### [PROMPT]
Instruction for the entries below: return the part that opens with the line containing "Flocca Linen Pillowcase" and closes with the line containing "Design of High", exactly, and no pictures.

### [SOURCE MATERIAL]
<<<<

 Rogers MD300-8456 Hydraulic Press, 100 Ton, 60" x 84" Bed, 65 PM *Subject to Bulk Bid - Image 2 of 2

>>>>
<<<<

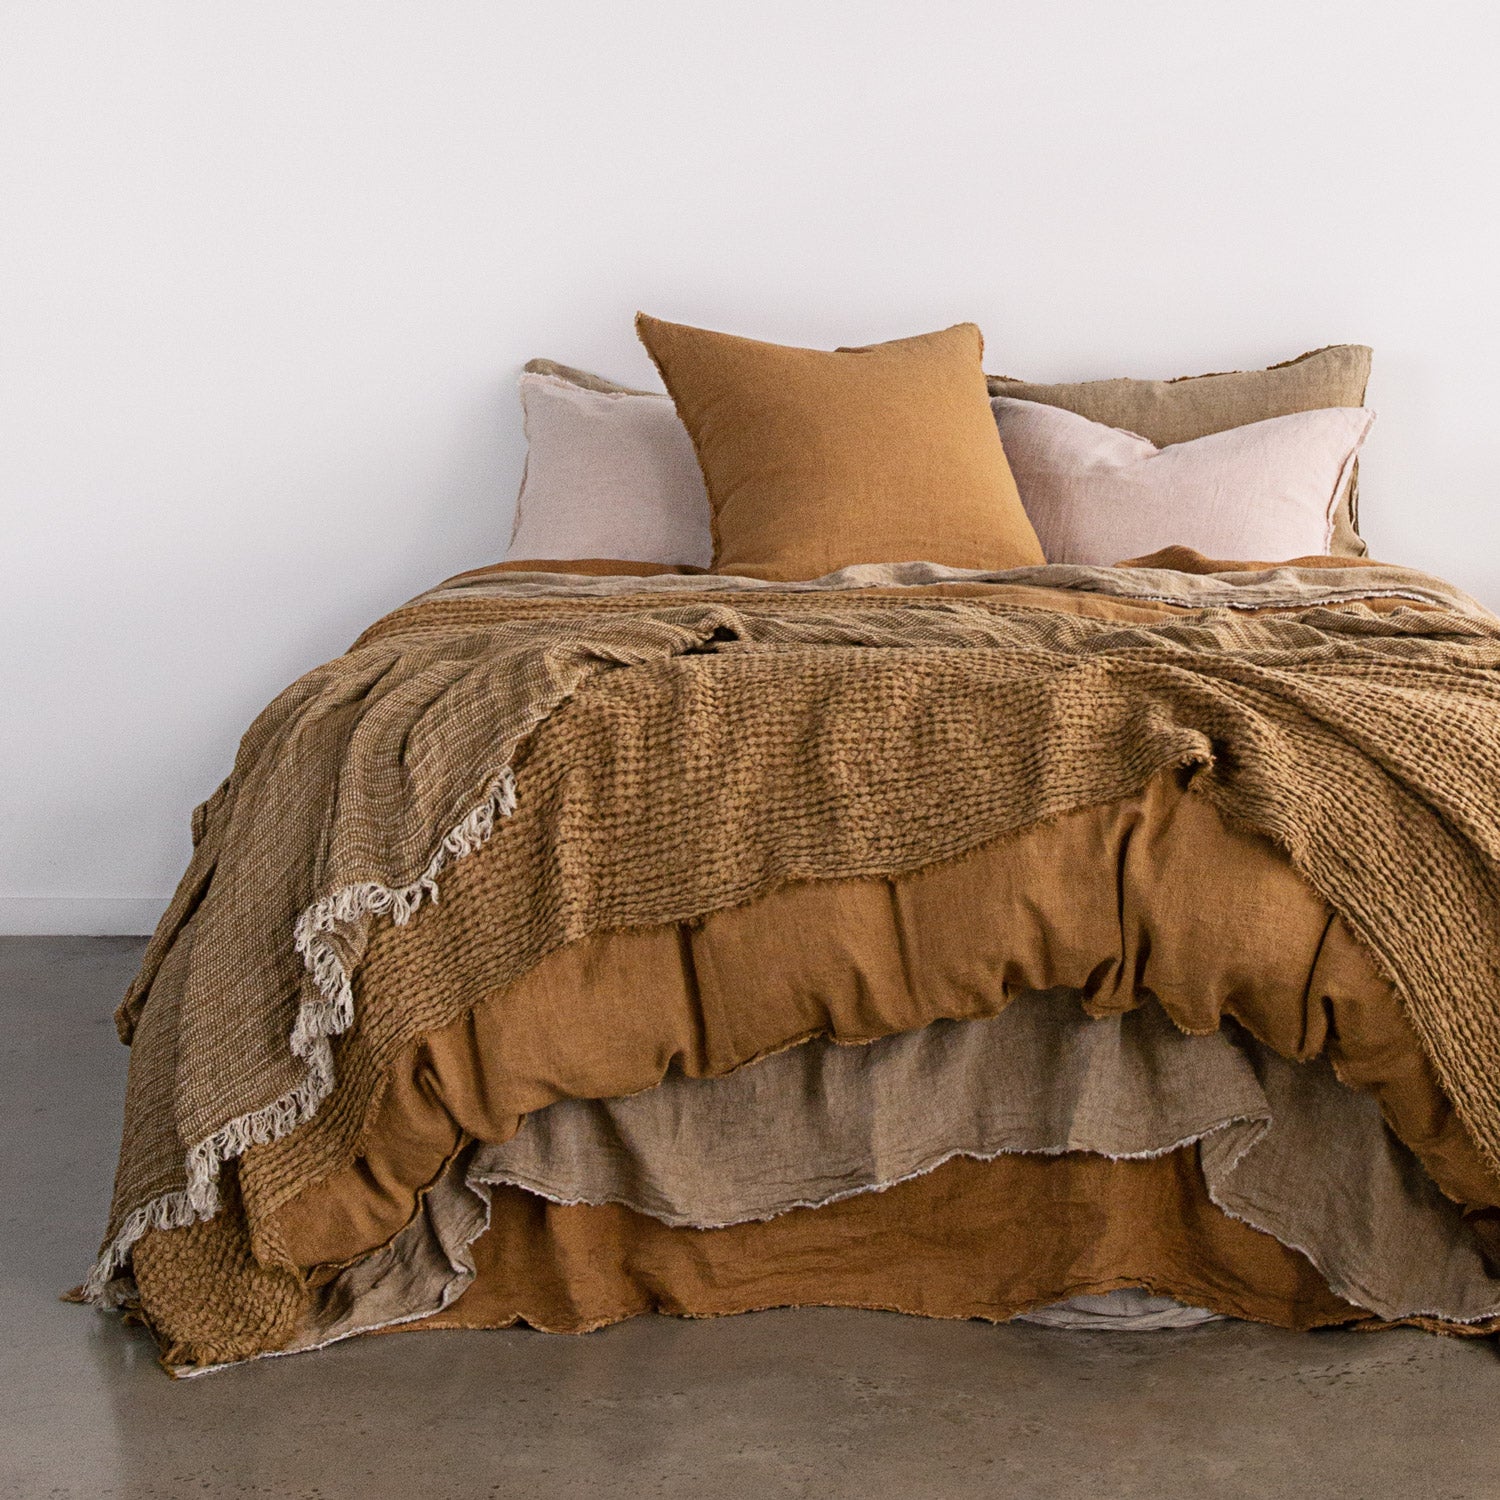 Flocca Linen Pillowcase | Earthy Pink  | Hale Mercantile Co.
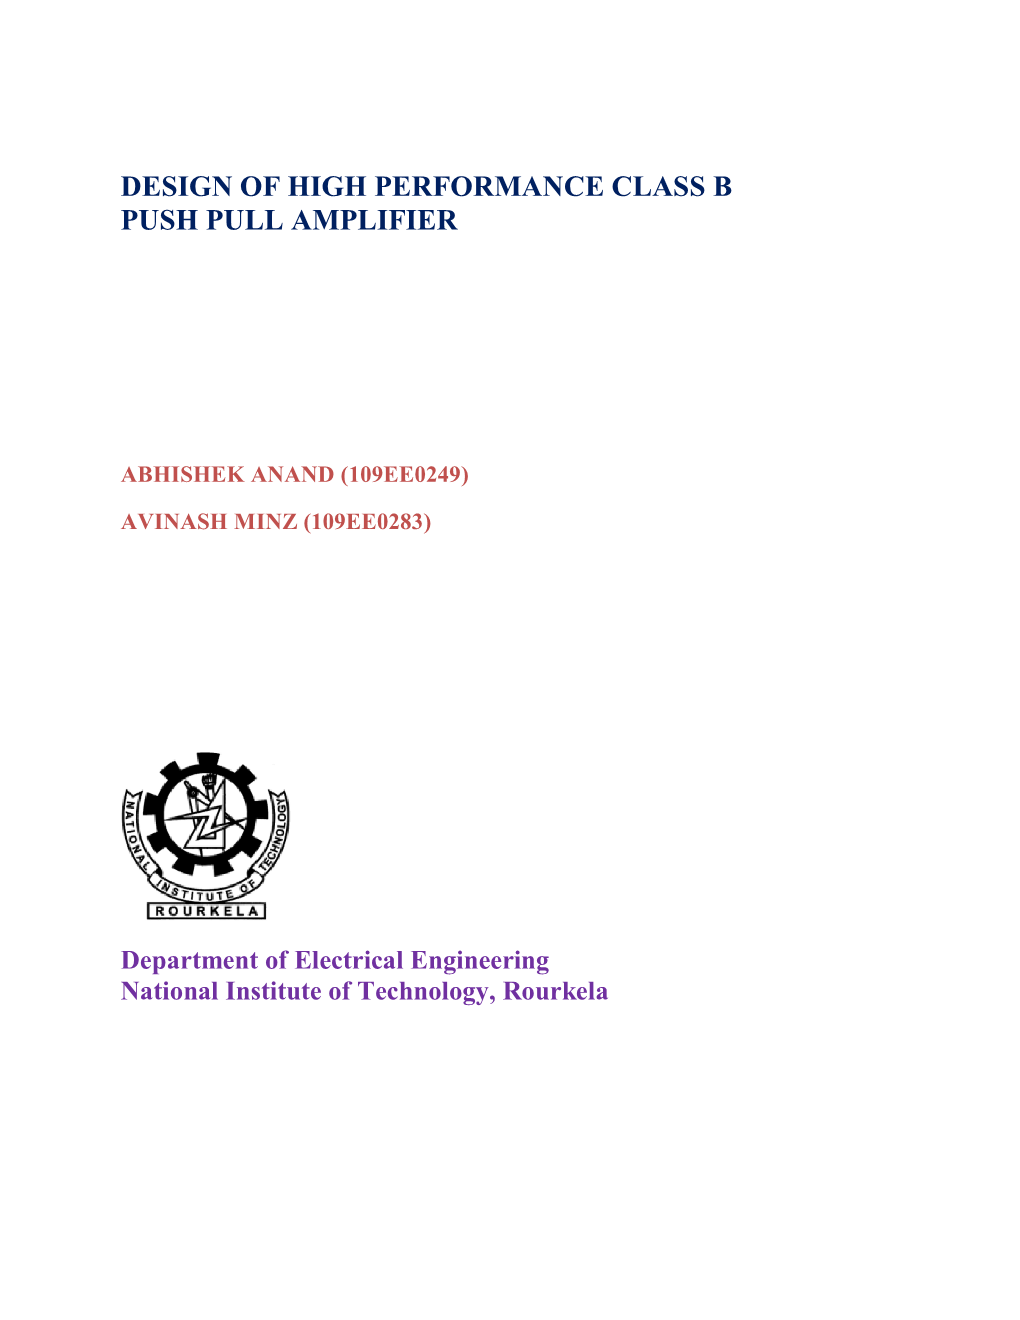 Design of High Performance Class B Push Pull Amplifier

>>>>

### [REPLY]
 Flocca Linen Pillowcase | Earthy Pink  | Hale Mercantile Co.
 Design of High Performance Class B Push Pull Amplifier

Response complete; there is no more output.